EPSRC Reference: EP/L012227/1
Title: Development of Unified Experimental and Theoretical Approach to Predict Reactive Transport in Subsurface Porous Media
Principal Investigator: Bijeljic, Dr B
Other Investigators:
Blunt, Professor MJ
Researcher Co-Investigators:
Project Partners:
Total SA
Department: Earth Science and Engineering
Organisation: Imperial College London
Scheme: Standard Research
Starts: 01 April 2014 Ends: 30 September 2017 Value (£): 394,628
EPSRC Research Topic Classifications:
Carbon Capture & Storage
EPSRC Industrial Sector Classifications:
Related Grants:
EP/L012251/1
Panel History:
Panel DatePanel NameOutcome
01 Oct 2013 Engineering Prioritisation Meeting 1 October 2013 Announced
Summary on Grant Application Form
This project aims to reduce the uncertainty and risk associated with key global challenges for the 21st century - securing sustainable access to water, energy and food. The underpinning understanding of natural systems to address this challenge is, in a large part, concerned with storage and extraction from porous rock: this includes safe storage of carbon dioxide to mitigate greenhouse gas emissions, efficient recovery from hydrocarbon reservoirs and groundwater management. Complex geological structures such as carbonate rock contain at least half of the world's conventional oil reserves, and have a significant storage capacity for CO2. The UK strategic energy plans include taking a leading role in enhanced oil recovery and carbon storage in carbonates. The most important UK aquifer is a remarkably pure limestone (calcium carbonate) providing more than half the water supply for drinking and industrial purposes.

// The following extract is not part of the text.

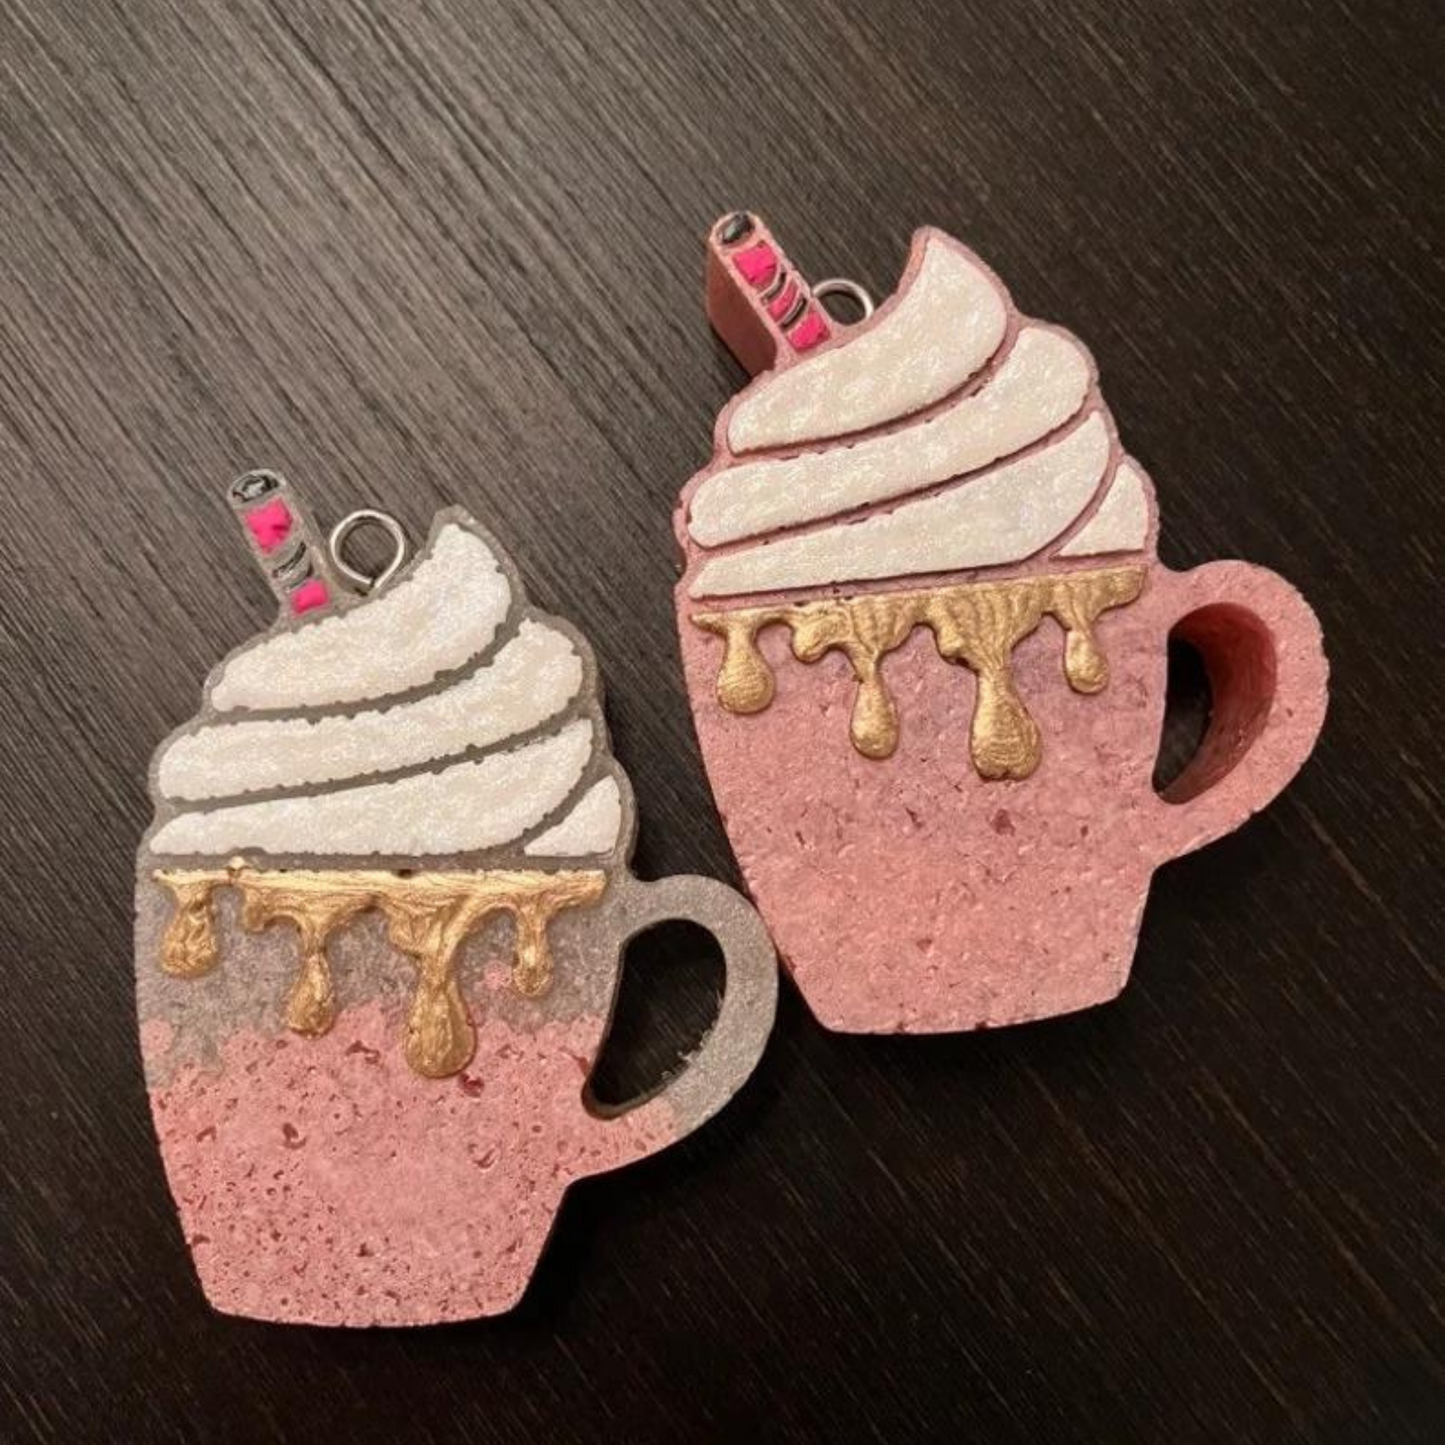 Frappuccino Hot Cocoa Mug Silcone Mold- Vent Clip

Transport - a quantitative description of how fluids move - through complex geological structures is absolutely crucial to a rational understanding of these processes in natural systems and yet it is still not fully understood, especially when coupled with chemical reactions. While it is well known that geological systems host physical and chemical processes that span a huge range of spatial and temporal scales, research - to date - has largely focused on understanding the structure of the porous medium, and the macroscopic description of the interplay between flow field, transport and reaction. However the interplay between pore structure, flow field, transport and chemical reaction is unknown.

Chemical reaction introduces the next level of complexity that is particularly challenging to quantitatively describe across a hierarchy of length scales. We will address this problem for reactive transport in porous media by combining new experimental Nuclear Magnetic Resonance methods with a novel multiple scale modelling method. This unified approach will have a key advantage in retaining detailed information on localised reactive transport parameters in terms of spatial and temporal distribution functions, rather than only having spatially and/or temporally averaged macroscopic parameters.

We will undertake a systematic program of research integrating pore-to-core scale measurements and modelling of reactive transport processes into a unified experimental and theoretical framework aimed at answering the following key questions:

* How can we establish a methodology to measure and predict the reactive transport rates within aquifers and reservoirs?

* What are relationships between structural, flow, transport and reaction properties governing reactive transport in natural rock?

* What are key uncertainties in predicting reactive transport in natural rock in terms of structural, flow, transport and reaction properties?

* What impact the transport and reaction physics at the pore scale have on reactive transport at the large scale?